--- Brief ---
Omit the images, then repeat the listing exactly.

--- Collected material ---

▼

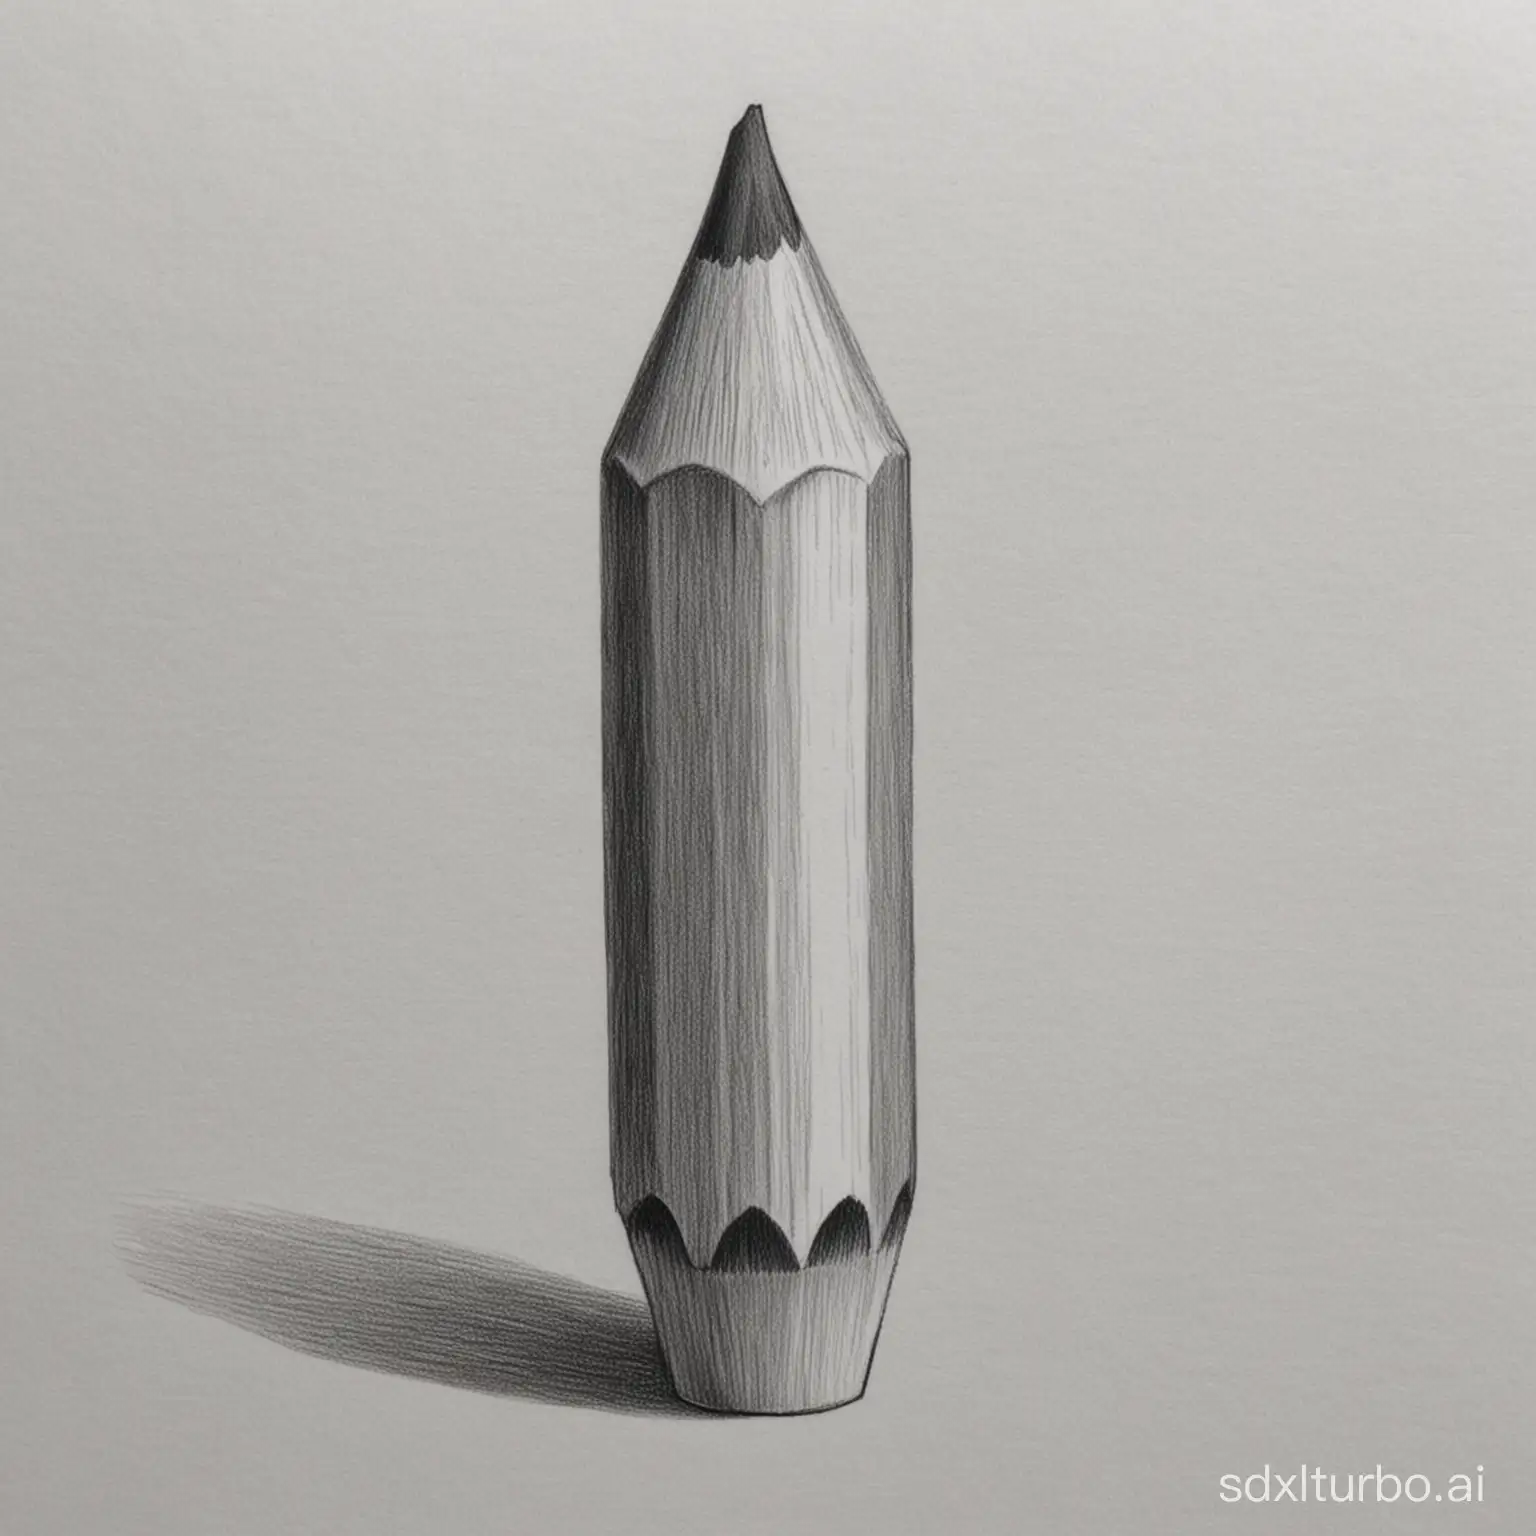 Expressive-Pencil-Sketch-Dynamic-Artistry-in-Monochrome
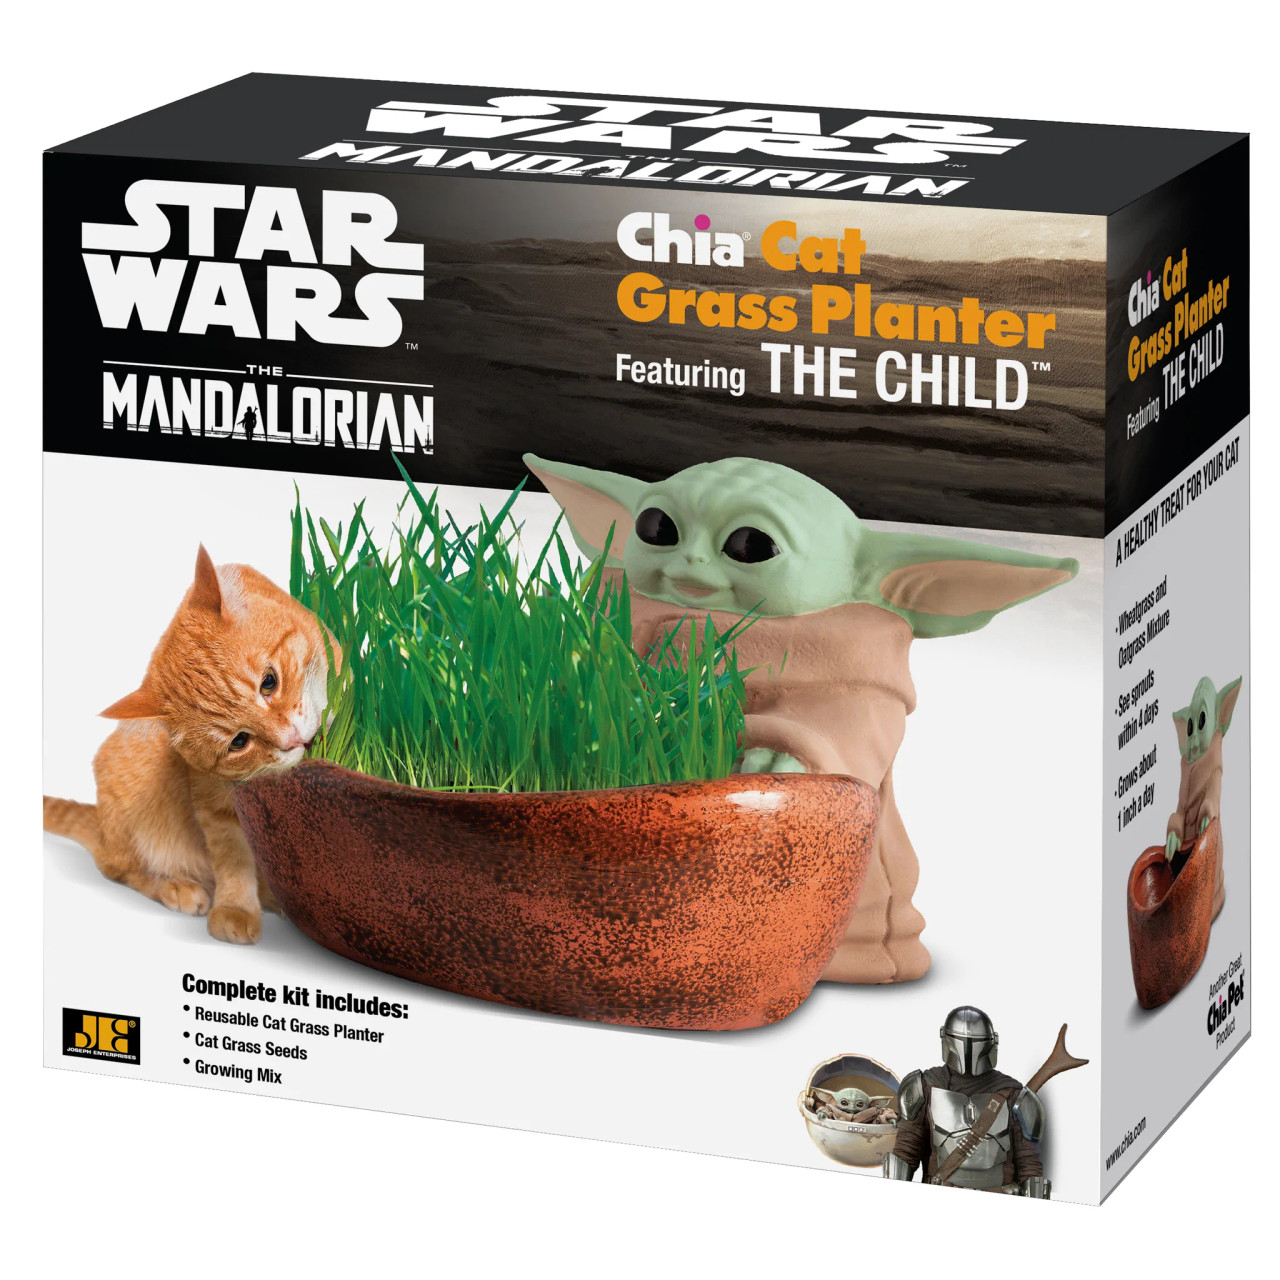 Chia Pet® Star Wars The Mandalorian The Child Decorative Planter, 1 ct -  Baker's
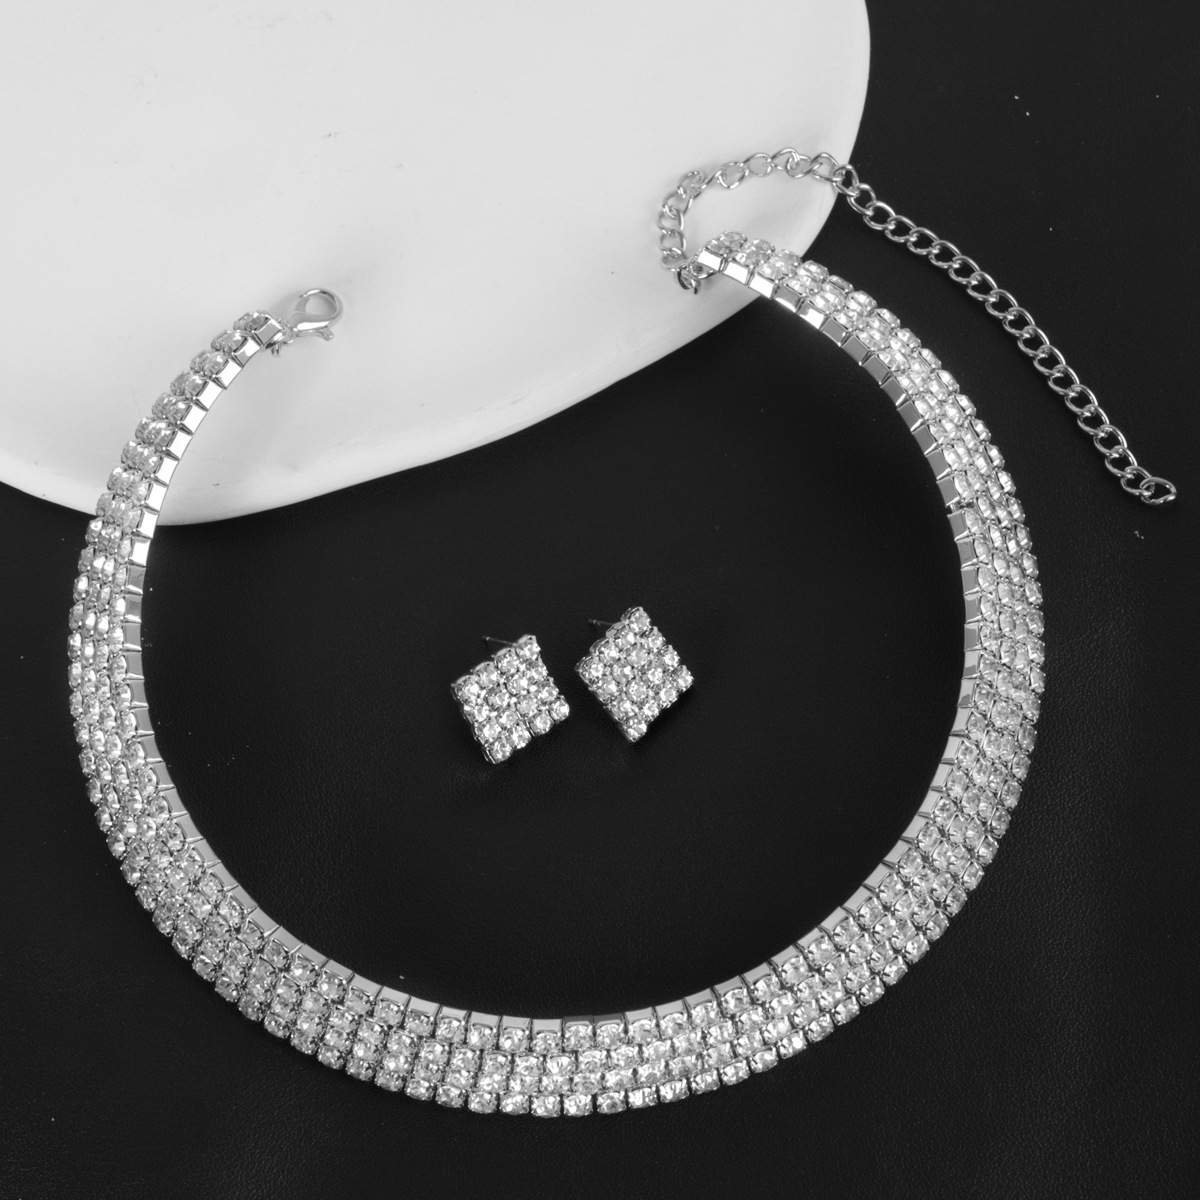 Conjuntos de joias de casamento, cristal de noiva, strass, pulseira, brincos e colar, conjuntos de joias coreanas para mulheres, moda, meninas, presente de joias CL2938

▲

--- Reply to the task ---
 Expressive-Pencil-Sketch-Dynamic-Artistry-in-Monochrome
 Chia Pet® Star Wars The Mandalorian The Child Decorative Planter, 1 ct -  Baker's
 Conjuntos de joias de casamento, cristal de noiva, strass, pulseira, brincos e colar, conjuntos de joias coreanas para mulheres, moda, meninas, presente de joias CL2938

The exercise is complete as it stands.